Так должно было быть и на этот раз. В заявленном маршруте я указал прибалтийские республики и наперёд радовался интересной поездке. В Эстонии была и существует прекрасная литература, представленная на всесоюзном небосклоне созвездием светил первой величины. Я уже тогда начитался книг великолепного Яана Кросса, лучшего в Союзе чуть ли не со времен Тынянова мастера исторической прозы, ищущего в прошлом корни эстонской ментальности и эстонской судьбы. А также по-чеховски тонкого в анализе человеческих падений и драм Энна Ветемаа и глубокой, имеющей вкус к ситуационной метафоре, притче, параболе Эмэ Беэкман, и нескольких других. Об остальном я догадывался и тем более туда торопился. Литературная Литва вырисовывалась не столь блестяще, но здесь главным было Вильно (Вильнюс), которого никогда прежде, даже в пору довоенного детства, я не видел, в остальном следовало сориентироваться на месте. Латвия была мне известна слабее – я знал лишь, что там есть несколько хороших поэтов и менее значительных прозаиков. Всё это, однако, было вычитано и требовало проверки в реальной действительности.
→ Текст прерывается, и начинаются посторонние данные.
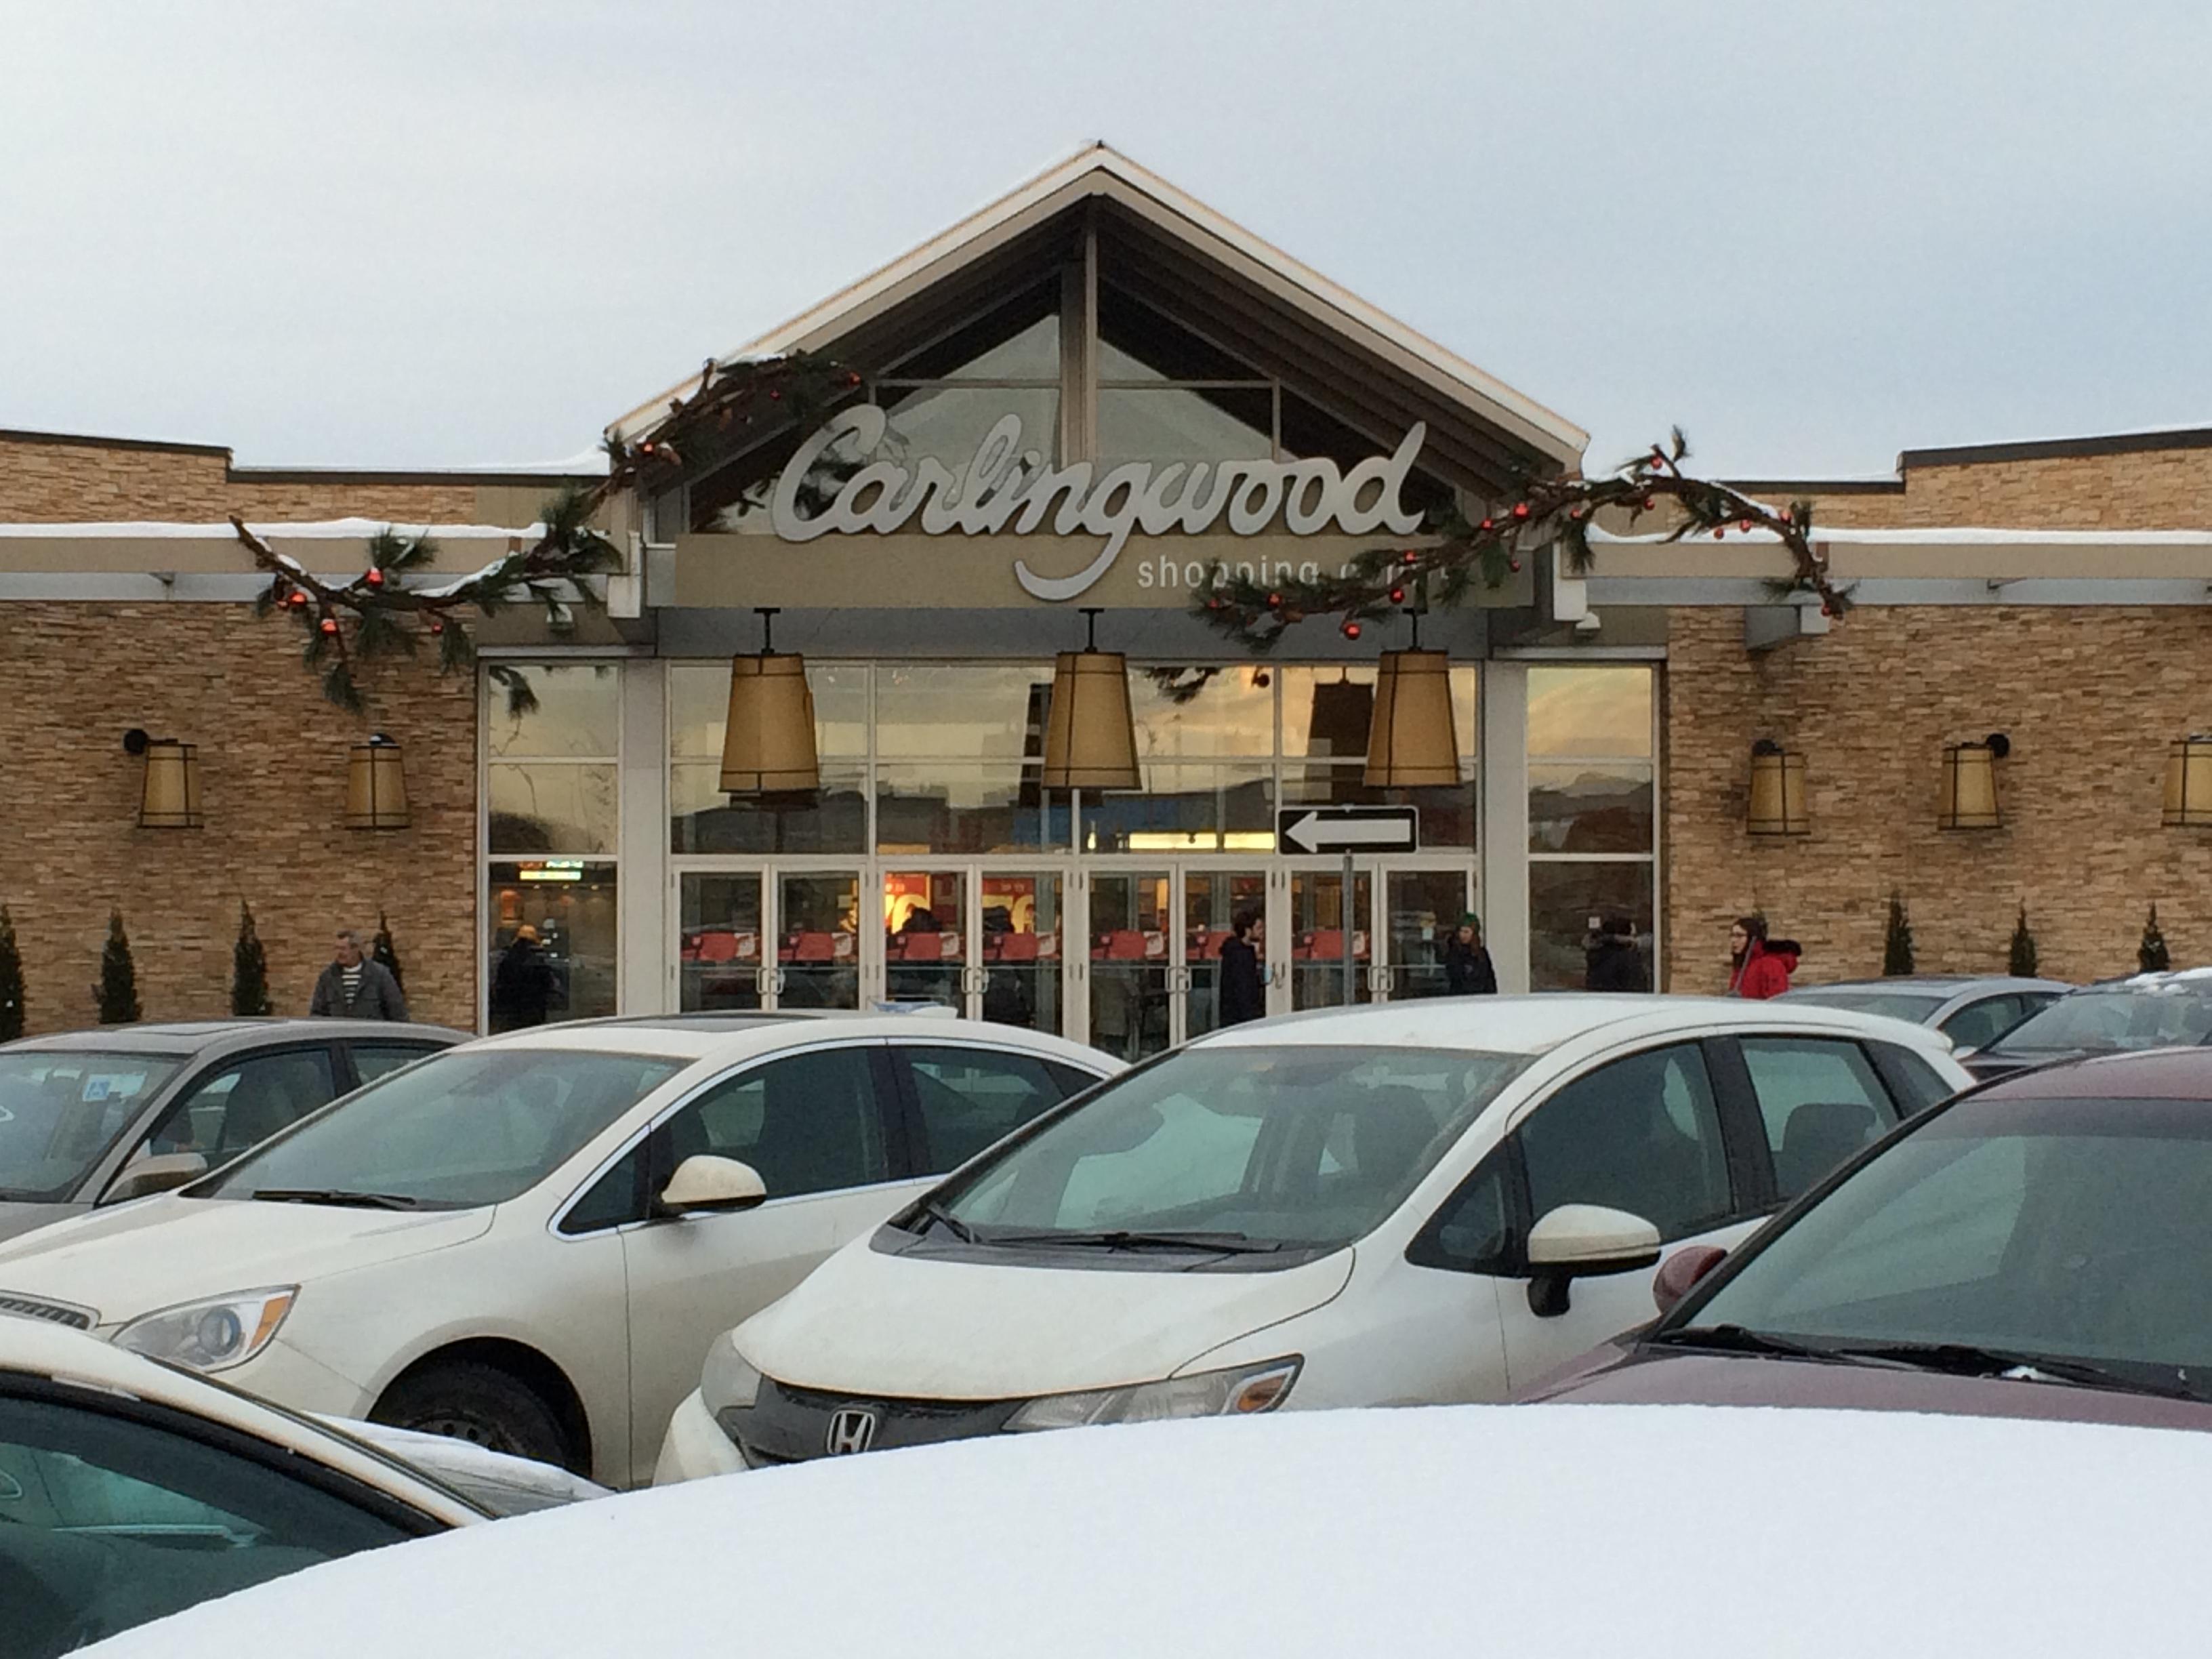 ManShopping Carlingwood Shopping Centre in west Ottawa

Я рылся в своем архиве с газетными вырезками, уточняя, кто есть кто в Прибалтике, чтобы не выглядеть типичным приезжим репортером-невеждой, я знал также по своему прежнему опыту, как высоко ценят в союзных республиках хоть какое-то знание местной специфики. Рылся – и паковал чемоданы.

И вот тут наступил сбой. Еще немного, и всё полетело бы в тартарары. Дело в том, что в начале декабря я совершил один неблагонадежный, с точки зрения властей, поступок – подписал, вместе с группой других лиц, неприятный для этих властей документ. Варшавское руководство довольно долго пережевывало и переваривало этот инцидент: сначала было глухо, а спустя два месяца начались расторжения издательских договоров, посыпались отказы из газет и журналов, к осени я почувствовал себя совсем налегке – не отягощенным никакими официальными обязательствами.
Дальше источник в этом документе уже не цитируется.